A Fine Idea Among Diversified Bond ETFs

Aggregate or total bonds refer to a range of securities, such as convertible, floating-rate, foreign, high-yield tax-exempt munis and inflation-protected bonds. Investors are finding the low costs of bond exchange traded funds even more attractive because they don’t want fees to cut into returns in a low-yield environment for fixed-income markets.

For example, Vanguard Total Bond Market ETF (NYSEArca: BND) lets investors buy a portfolio of more than 3,000 U.S. investment-grade bonds with one trade. It has an expense ratio of 0.11%, much lower than comparable mutual funds. [Best of Both Worlds in High-Yield Bond ETFs]

BND provides another option to gain exposure to the Barclays U.S. Aggregate Bond Index. BND is the largest ETF to track the benchmark, but the fund provider excludes securities held by the Fed. Nevertheless, Boccellari argues that the exclusion has not provided any noticeable impact on the performance. BND has a 5.6 year duration, a 1.88% 30-day SEC yield and a 0.08% expense ratio.
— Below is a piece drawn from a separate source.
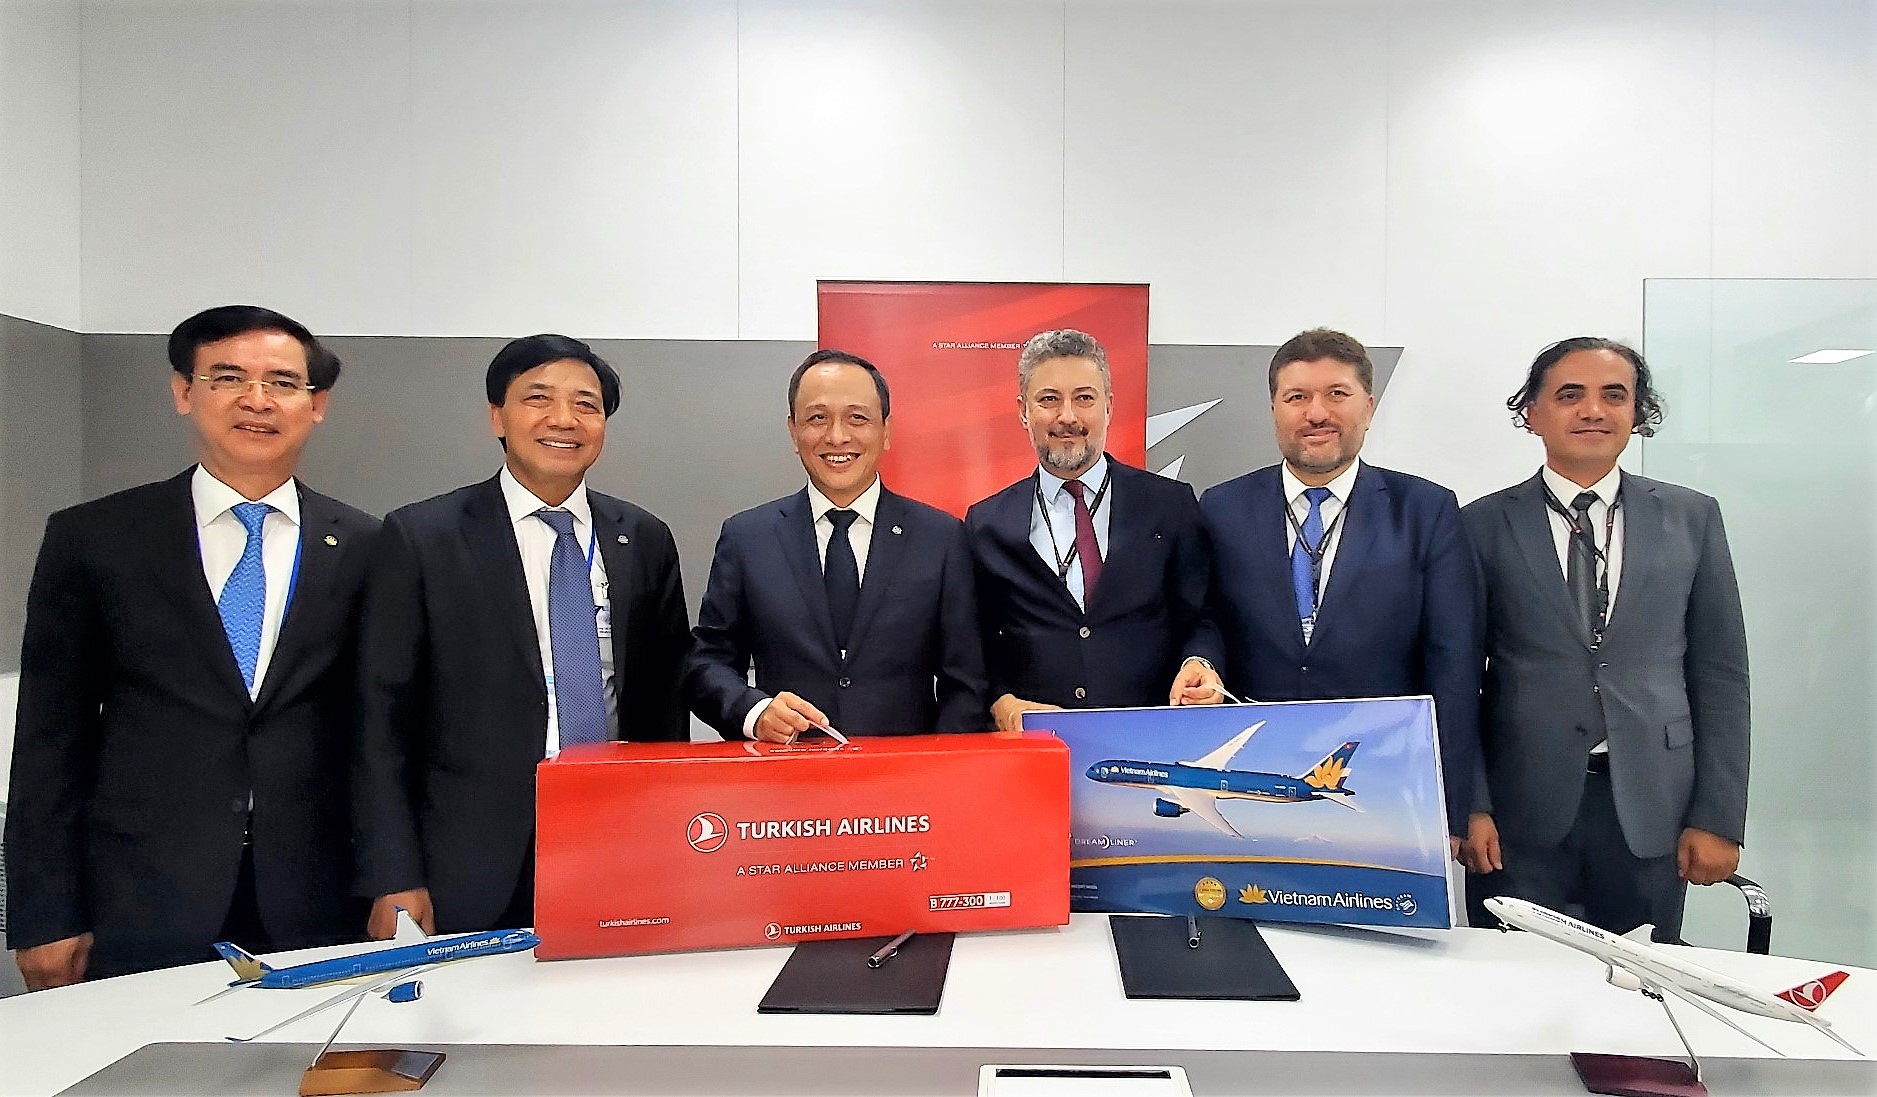 1 - Không chỉ tăng cường kết nối hàng không, hợp tác góp phần phát triển quan hệ giao lưu kinh tế, văn hóa, xã hội giữa Việt Nam với Thổ Nhĩ Kỳ và các khu vực châu Âu, Trung Đông
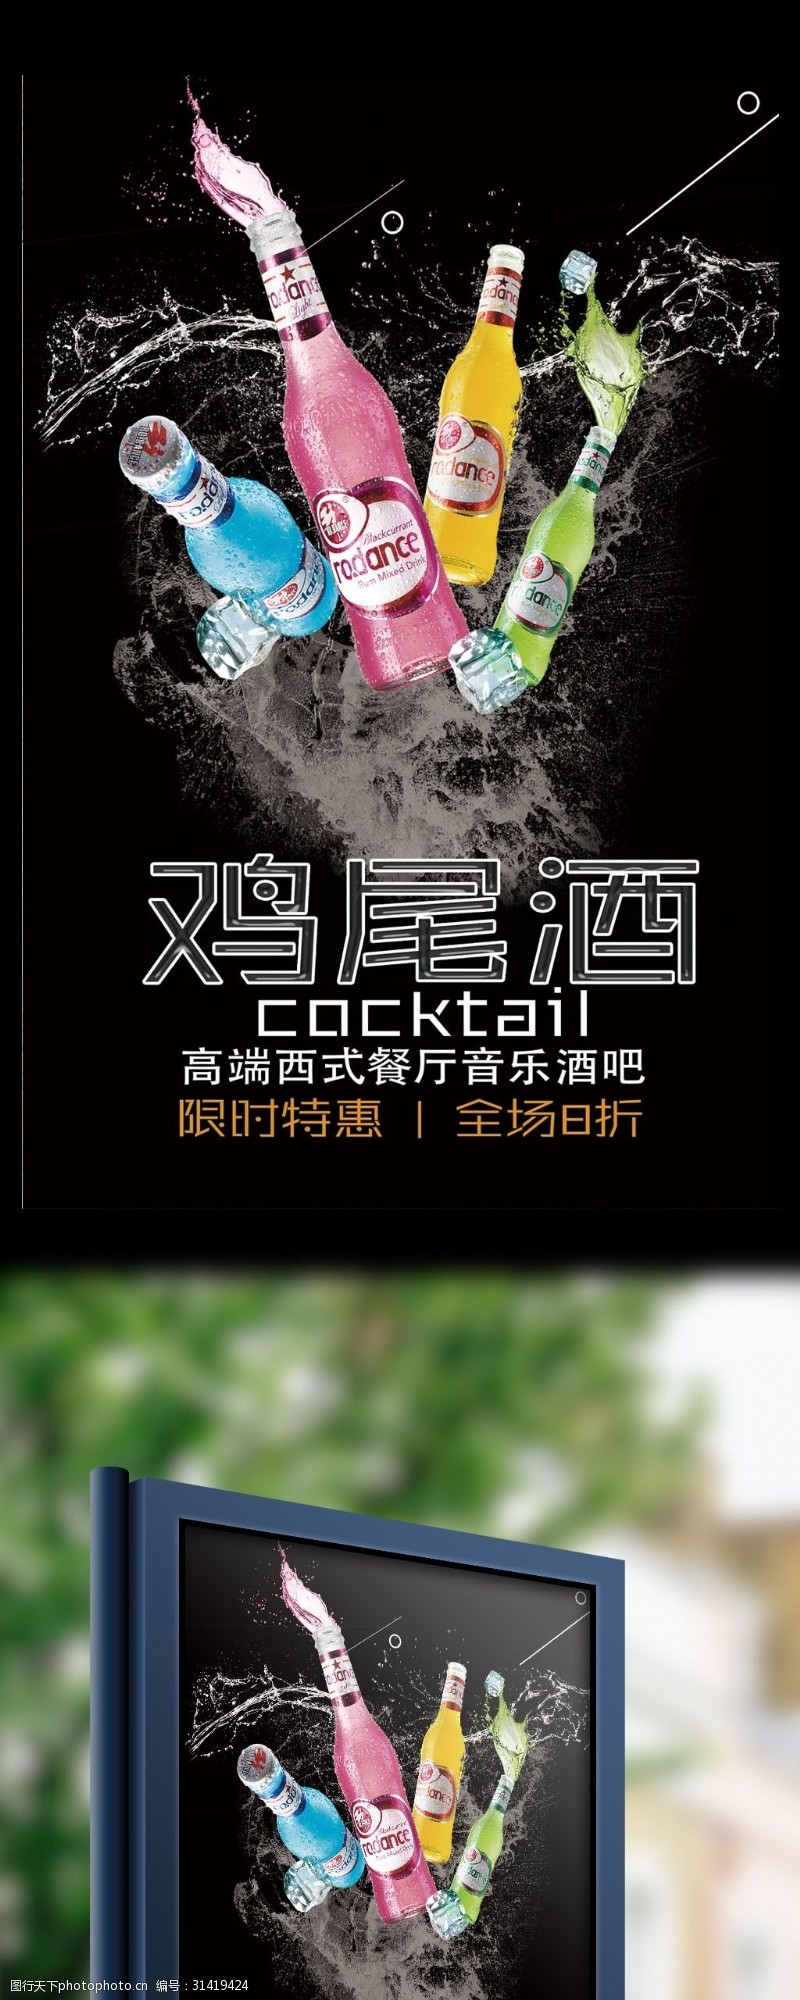 载体材料黑底鸡尾酒宣传海报设计

Another ETF to consider from the Vanguard fixed income stable is the Vanguard Intermediate-term Bond ETF (NYSEArca: BIV). Like BND, BIV is inexpensive for long-term investors with an annual fee of just 0.1%.

BIV “seeks to track the investment return of the Barclays U.S. 5–10 Year Government/Credit Float Adjusted Index, a market-weighted bond index that covers investment-grade bonds with a dollar-weighted average maturity of 5 to 10 years,” according to Vanguard.

By piecing together an ETF portfolio with an allocation to both stocks and bonds, investors can be reassured they are properly diversified and not missing out on gains from either asset class. [List of Diversified Bond ETFs]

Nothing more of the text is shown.